我找来一个最大的纸箱,把这些东西一件件扔进去,像是要把过去七年的自己也一并埋葬。
封好箱,我叫了个同城闪送,地址填了沈家别墅,收件人,沈越。做完这一切,
我瘫在沙发上,一夜无眠。第二天一早,门铃响了。我顶着两个黑眼圈去开门,
以为是沈越后悔了,来求我。门口站着的人,却让我大脑瞬间宕机。沈屹。沈越的亲哥哥,
沈氏集团的总裁。一个只在沈家家庭聚会上,远远见过几次的男人。
他永远穿着剪裁得体的西装,表情冷得像冰山,气场强大到让人不敢直视。此刻,
他就站在我家门口,一手拎着热气腾騰的豆浆油条,另一只手,拎着我昨天扔掉的那个纸箱。
他比沈越要高,身形挺拔,五官轮廓更深邃冷硬。他看着我,眼神里没什么情绪,
开口的声音像淬了冰。“你扔错东西了。”“这些,是我送的。”2我怀疑自己出现了幻听。
“你说什么?”沈屹没有重复,径直越过我,走进屋里。他把早餐放在餐桌上,
然后将那个沉重的纸箱,放在客厅中央。“砰”的一声,砸醒了我混乱的思绪。我关上门,
转身看着他,满心戒备:“沈先生,我不明白你的意思。”他没理我,蹲下身,打开了纸箱。

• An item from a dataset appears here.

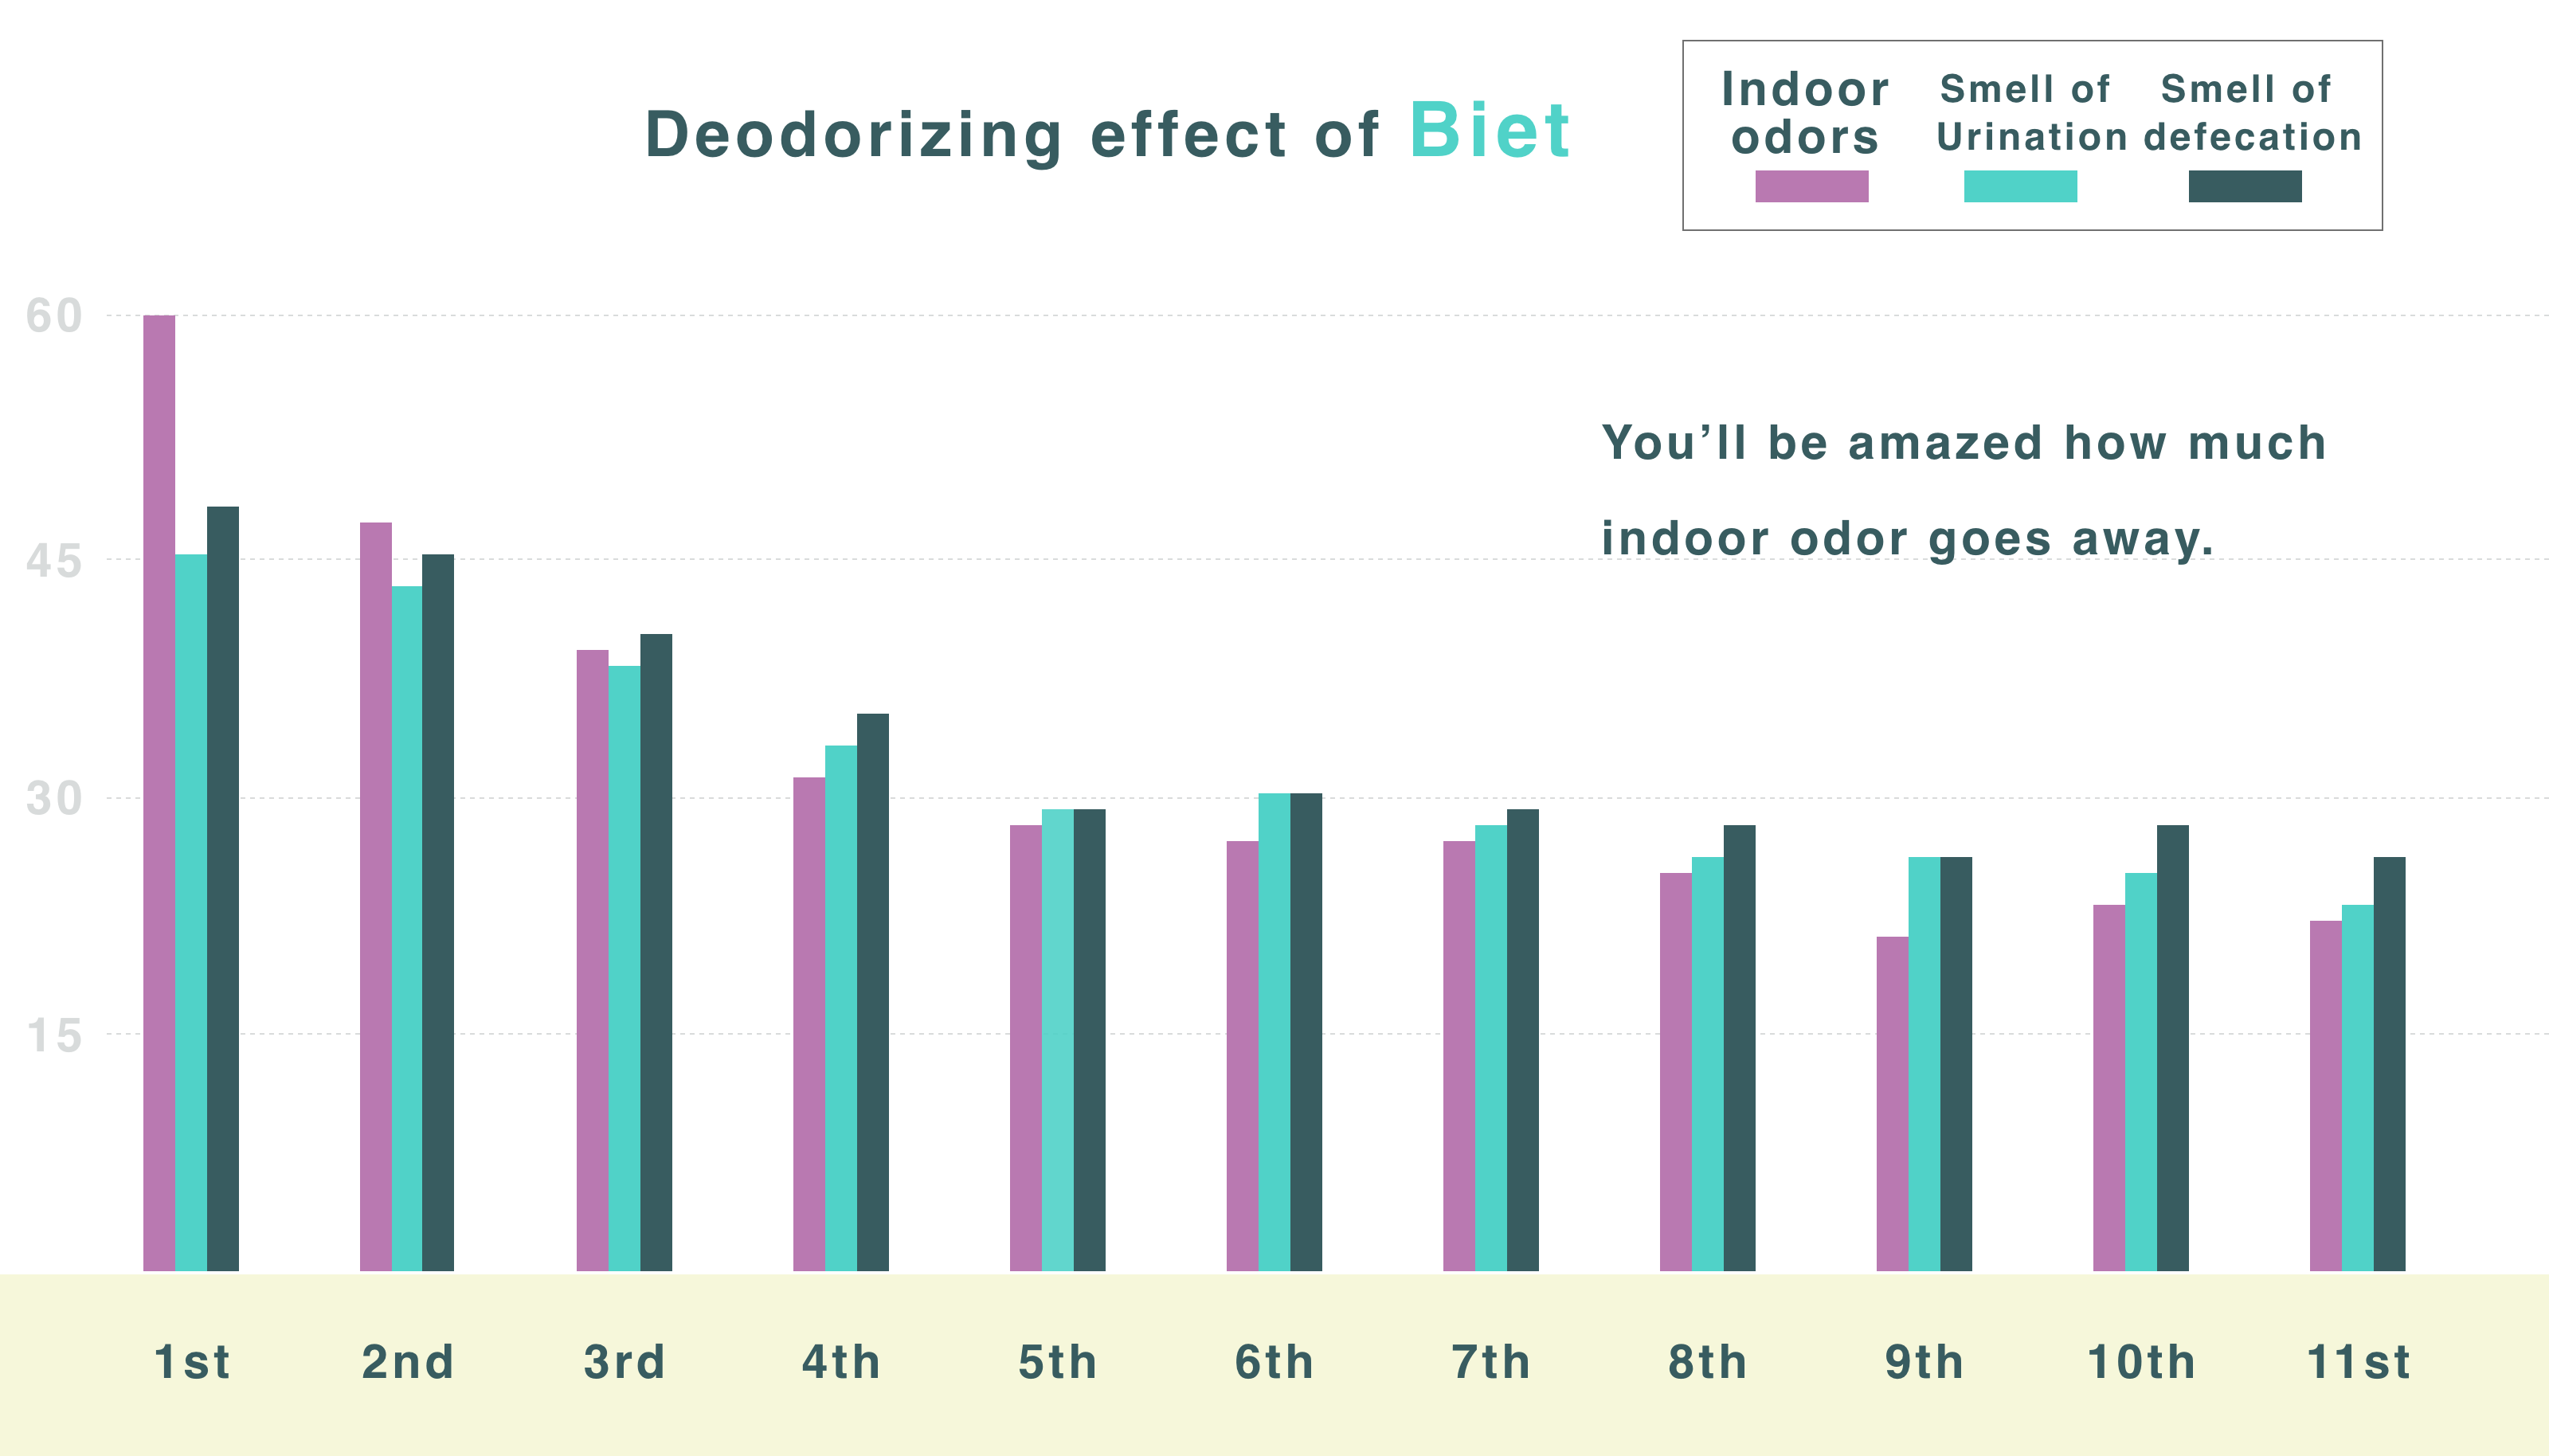 Biet deodorizing effect graph - After 11 days, the indoor odor is surprisingly eliminated

他拿出的第一件东西,是我十八岁生日时,沈越送我的那条星空裙。“这条裙子,
是我让助理从法国高定秀场直接买下的,因为你说过,你的梦想是当一名宇航员。
”他的声音很平,没有起伏,像在陈述一份商业报告。可内容,却像一颗炸雷,
在我脑子里轰然炸开。我记得,那天沈越把裙子给我时,说得眉飞色舞,
他说他跑遍了全城的商场,求了好多人,才买到这条独一无二的裙子。
我当时感动得一塌糊涂。沈屹又拿出了那套绝版的设计丛书。“这套书,
是我托一个在英国的朋友,从苏富比拍卖行拍回来的,全球仅存三套。”“沈越告诉我,
你为了找这套书,逛遍了所有的旧书市场。”我的心脏开始发颤。我记得,收到书的那天,
我抱着沈越又哭又笑,说他是我的神。他当时只是摸着我的头,笑得有些不自然。
我当时以为,他是累坏了。接着,是那个木雕,那对情侣手表,
那张限量版的黑胶唱片……每一件,我都视若珍宝。每一件,背后都有一个沈越编造的,
充满“爱意”的谎言。而沈屹,像一个冷酷的刽子手,面无表情地,将这些谎言一一戳破,
把血淋淋的真相,摊开在我面前。“还有。”沈屹从箱底拿出一个保温杯,
“你三年前急性肠胃炎住院,沈越给你送的粥,食谱是我找营养师配的,
食材是我让司机凌晨去郊区农场买的,粥是我熬的。”“他连火都不会开,只会把我的东西,
热一下,送到你面前。”我的身体晃了一下,扶住了旁边的墙壁。原来,我感动了七年的,
不是沈越的深情。而是沈屹的策划,和沈越拙劣的演技。我算什么?一个被蒙在鼓里的傻子?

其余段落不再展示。